** WHAT IS EXPECTED **
Transcribe exactly the lines from the one containing "WGV Flat Marbles, Pebbles, Glass" through the last line of the listing below, inclusive, and nothing beyond them.

** INPUT FOR THIS TASK **
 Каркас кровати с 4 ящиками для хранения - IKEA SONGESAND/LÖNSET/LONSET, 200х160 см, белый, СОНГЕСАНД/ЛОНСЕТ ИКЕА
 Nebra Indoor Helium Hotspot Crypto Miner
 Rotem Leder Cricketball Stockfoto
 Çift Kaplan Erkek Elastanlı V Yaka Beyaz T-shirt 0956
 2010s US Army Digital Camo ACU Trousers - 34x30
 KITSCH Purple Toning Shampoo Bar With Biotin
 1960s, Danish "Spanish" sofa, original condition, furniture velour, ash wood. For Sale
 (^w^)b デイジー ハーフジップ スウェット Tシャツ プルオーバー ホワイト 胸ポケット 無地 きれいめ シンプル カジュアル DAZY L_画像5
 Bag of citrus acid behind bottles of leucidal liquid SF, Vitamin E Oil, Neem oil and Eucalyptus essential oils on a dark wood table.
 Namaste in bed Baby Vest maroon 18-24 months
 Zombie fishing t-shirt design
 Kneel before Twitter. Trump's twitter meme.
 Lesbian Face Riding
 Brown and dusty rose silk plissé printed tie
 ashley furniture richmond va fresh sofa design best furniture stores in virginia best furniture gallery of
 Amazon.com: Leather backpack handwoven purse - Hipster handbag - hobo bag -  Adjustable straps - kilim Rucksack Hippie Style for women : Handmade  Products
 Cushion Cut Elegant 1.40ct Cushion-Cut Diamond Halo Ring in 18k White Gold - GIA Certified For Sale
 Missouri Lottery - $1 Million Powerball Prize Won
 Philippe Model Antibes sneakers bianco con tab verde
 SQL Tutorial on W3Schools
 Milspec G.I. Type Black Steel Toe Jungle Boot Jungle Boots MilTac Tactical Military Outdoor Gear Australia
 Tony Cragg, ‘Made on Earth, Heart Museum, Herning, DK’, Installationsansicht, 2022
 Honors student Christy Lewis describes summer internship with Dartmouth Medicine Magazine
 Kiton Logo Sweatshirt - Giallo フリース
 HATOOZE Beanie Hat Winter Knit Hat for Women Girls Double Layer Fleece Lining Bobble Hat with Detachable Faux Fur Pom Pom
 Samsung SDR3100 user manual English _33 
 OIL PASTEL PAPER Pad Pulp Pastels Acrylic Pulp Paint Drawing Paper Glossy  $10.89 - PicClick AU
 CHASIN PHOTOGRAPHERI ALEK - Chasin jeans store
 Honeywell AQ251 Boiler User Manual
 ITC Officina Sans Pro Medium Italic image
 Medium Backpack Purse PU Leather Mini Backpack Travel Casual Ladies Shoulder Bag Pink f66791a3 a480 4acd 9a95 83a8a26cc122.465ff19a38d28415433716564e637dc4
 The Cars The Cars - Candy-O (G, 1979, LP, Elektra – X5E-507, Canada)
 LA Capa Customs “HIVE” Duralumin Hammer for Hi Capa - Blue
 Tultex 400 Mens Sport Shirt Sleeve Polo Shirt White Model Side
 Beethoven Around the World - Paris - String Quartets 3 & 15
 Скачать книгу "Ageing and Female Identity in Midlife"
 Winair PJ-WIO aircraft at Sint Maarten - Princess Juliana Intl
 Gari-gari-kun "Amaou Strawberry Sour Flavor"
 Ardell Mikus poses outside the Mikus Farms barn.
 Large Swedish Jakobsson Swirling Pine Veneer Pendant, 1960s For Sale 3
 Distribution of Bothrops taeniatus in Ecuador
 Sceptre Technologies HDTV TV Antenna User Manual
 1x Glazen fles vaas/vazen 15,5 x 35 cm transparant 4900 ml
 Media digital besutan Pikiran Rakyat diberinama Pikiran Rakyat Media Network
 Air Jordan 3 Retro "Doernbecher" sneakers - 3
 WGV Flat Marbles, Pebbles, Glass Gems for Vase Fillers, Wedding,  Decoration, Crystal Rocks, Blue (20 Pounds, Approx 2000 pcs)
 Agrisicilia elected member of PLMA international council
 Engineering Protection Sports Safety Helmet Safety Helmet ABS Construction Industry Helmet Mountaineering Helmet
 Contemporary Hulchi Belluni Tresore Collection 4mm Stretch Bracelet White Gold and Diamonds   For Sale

** ANSWER TO THIS EXERCISE **
 WGV Flat Marbles, Pebbles, Glass Gems for Vase Fillers, Wedding,  Decoration, Crystal Rocks, Blue (20 Pounds, Approx 2000 pcs)
 Agrisicilia elected member of PLMA international council
 Engineering Protection Sports Safety Helmet Safety Helmet ABS Construction Industry Helmet Mountaineering Helmet
 Contemporary Hulchi Belluni Tresore Collection 4mm Stretch Bracelet White Gold and Diamonds   For Sale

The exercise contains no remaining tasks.